It's normal for a couple to be showered with gifts when they celebrate their big day and walk down the aisle.

But Leigh Clark wanted her guests to do something a little different. She wanted them to give their gifts — in the form of kindness to the world.


Leigh is a big believer in making the world a better place through acts of kindness.

In a phone interview, Leigh told me she caught the bug a few years ago when she decided to do one act of kindness every day from Thanksgiving to Christmas:

"My first act was delivering meals to underprivileged families on Thanksgiving. I was able to give this giant sheet cake away to these kids who were playing with their parents nearby. The amount of joy that they radiated back at me was so amazing that it was like I was hooked. And that's when I understood for the first time in my life that happiness doesn't necessarily come from within. It can be reflected back to you."

So when her wedding was approaching, she knew that asking guests to do good deeds would be an amazing way to celebrate love — and not just between her husband and herself, but the world.

The response was overwhelming. And it wasn't just her wedding guests who opted to join in. Other acquaintances and childhood friends hopped on board, too.

Jillian Bhatia, a childhood friend of the bride, got her family involved.
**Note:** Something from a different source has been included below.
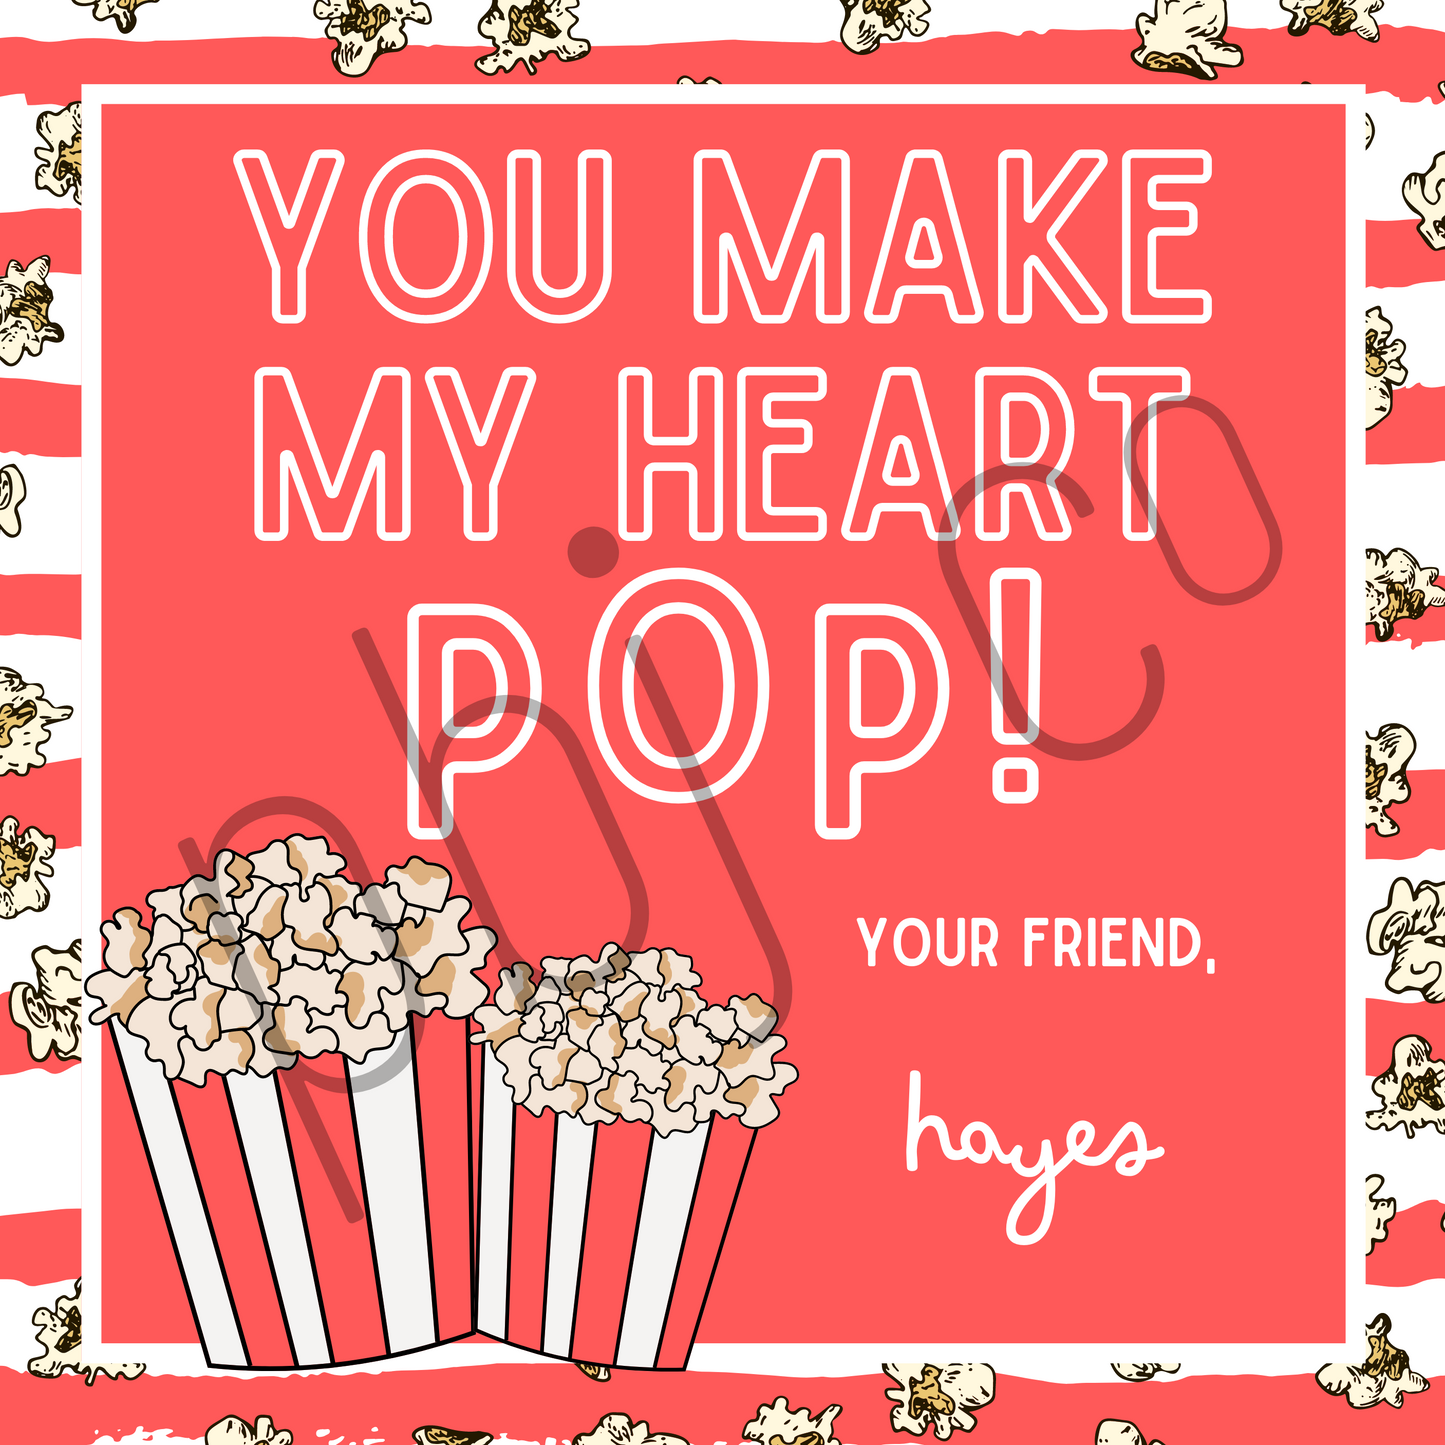 PRINTED Kids Customized Popcorn Valentine's Day Set of 24 Cards Favors Boy Girl Valentines Gift Tag With Envelopes Classroom Daycare Teacher

She and her kids, Rohan and Vivi, pitched in and donated supplies to a local women's shelter.

Bridesmaid Emily Schairer and her daughter, Chloe, brought pet supplies to a local animal shelter.

London-based Caitlin Blewett, another of Leigh's childhood friends, bought some frozen yogurt for the office security guard.

As Leigh told me, "If you're doing the right thing while going about your day and trying to make the world a nicer place, the world smiles back."

Fortunately, you don't have to wait for a wedding invite to go out into the world to commit acts of kindness.

Here are 10 super easy acts of kindness you can do to continue to spread the love and make the world a kinder place:

1. Thank someone who's supported you in the past, like a teacher, friend, or mentor, by giving them a hand-written letter.

2. Spend a couple hours volunteering at a local nonprofit organization.

3. Donate goods to a local shelter.

4. Buy lemonade at a child's lemonade stand.

5. Call a friend and tell them how much they mean to you.

6. Send kind words to someone getting a lot of hate on social media.

7. Send groceries to a friend who is busy and/or going through a difficult time.

8. Put a quarter in an expired parking meter to help a stranger avoid getting a ticket.

9. Send flowers anonymously to a receptionist or security guard.

10. Leave an encouraging note somewhere on a store shelf or in a popular library book.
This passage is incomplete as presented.